Kemudian, hadits lain yang menekankan pentingnya kejujuran dalam jual beli adalah sebagai berikut:
مَنْ بَاعَ عَيْبًا لَمْ يُبَيِّنْهُ، لَمْ يَزَلْ فِي مَقْتِ اللَّهِ، وَلَمْ تَزَلْ الْمَلَائِكَةُ تَلْعَنُهُ
Artinya, "Barangsiapa menjual sesuatu yang mengandung cacat dan tidak menjelaskannya, ia senantiasa dalam murka Allah, dan malaikat senantiasa melaknatnya" (Sunan Ibn Majah, juz III, halaman 356).
Selain itu, Rasulullah juga bersabda:
مَنْ غَشَّنَا فَلَيْسَ مِنَّا
Artinya, "Barangsiapa menipu kami (umat islam) maka ia bukan golongan kami." (HR Muslim bin al-Hajjaj, Shahih Muslim [Beirut: Dar Ihya'it Turatsil 'Arabi, 1955], juz I, halaman 99).
Dengan melihat redaksi hadits-hadits di atas, tampak bahwa Rasulullah SAW melarang keras adanya penipuan dalam transaksi jual-beli, oleh karena itu Ibnu Hajar al-Haitami mengategorikan penipuan dalam jual beli sebagai dosa besar (Az-Zawajir [Beirut: Darul Fikr, 1987], juz I, halaman 393).

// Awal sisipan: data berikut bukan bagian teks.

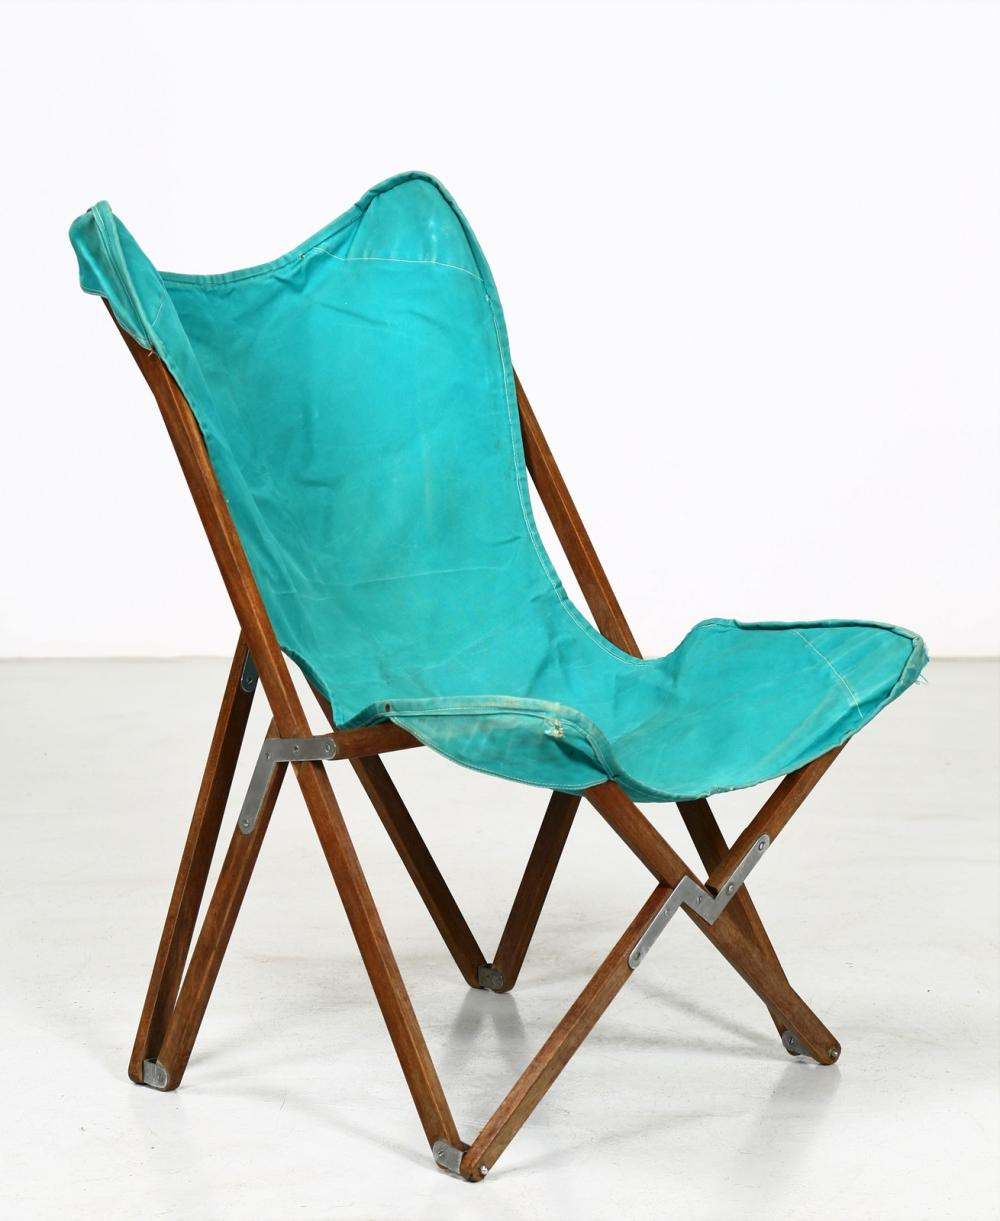 ITALIAN MANUFACTURE Chair mod. Tripolina
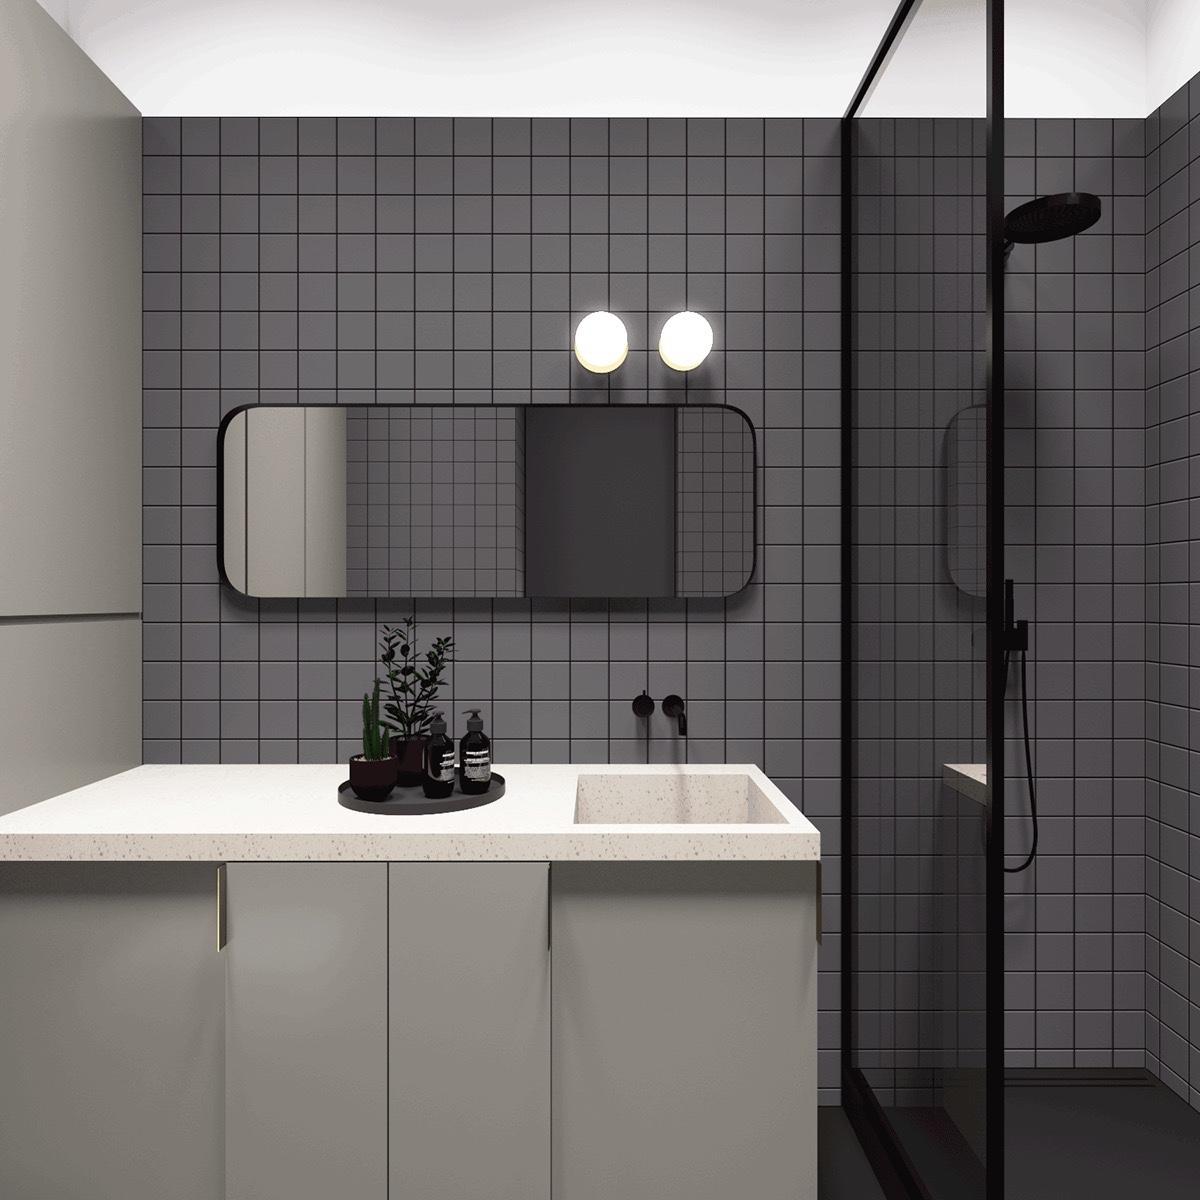 600 Square Feet Apartment Design With Wonderful Maximalist ... on Apartment Bathroom Ideas  id=71583

Untuk mengetahui masalah ini secara lebih spesifik, kita perlu mencari penjelasan para ulama ahli fiqih tentang apa yang dimaksud penipuan tersebut. para ulama, salah satunya 'Ali Syabramallisi menjelaskan kriteria penipuan dalam jual beli sebagai berikut:
وَضَابِطُ الْغِشِّ الْمُحَرَّمِ أَنْ يَعْلَمَ ذُو السِّلْعَةِ مِنْ نَحْوِ بَائِعٍ أَوْ مُشْتَرٍ فِيهَا شَيْئًا لَوْ اطَّلَعَ عَلَيْهِ مَرِيدُ أَخْذهَا مَا أَخَذَهَا بِذَلِكَ الْمُقَابِلِ، فَيَجِبُ عَلَيْهِ أَنْ يُعْلِمَهُ بِهِ لَيَدْخُلَ فِي أَخْذِهِ عَلَى بَصِيرَةٍ
Artinya, "Batasan penipuan yang diharamkan adalah ketika penjual atau siapa pun mengetahui bahwa dalam barang dagangan terdapat sesuatu yang andaikan calon pembeli mengetahuinya, ia tidak akan membelinya dengan harga yang tersebut, maka penjual atau siapa pun yang mengetahui harus memberitahu calon pembeli tersebut, agar ia membeli barang yang benar-benar ia ketahui segala informasinya." (Hasyiyah 'Ali Syabramallisi 'alan Nihayah [Beirut: Darul Fikr, 1984], juz IV, halaman 71).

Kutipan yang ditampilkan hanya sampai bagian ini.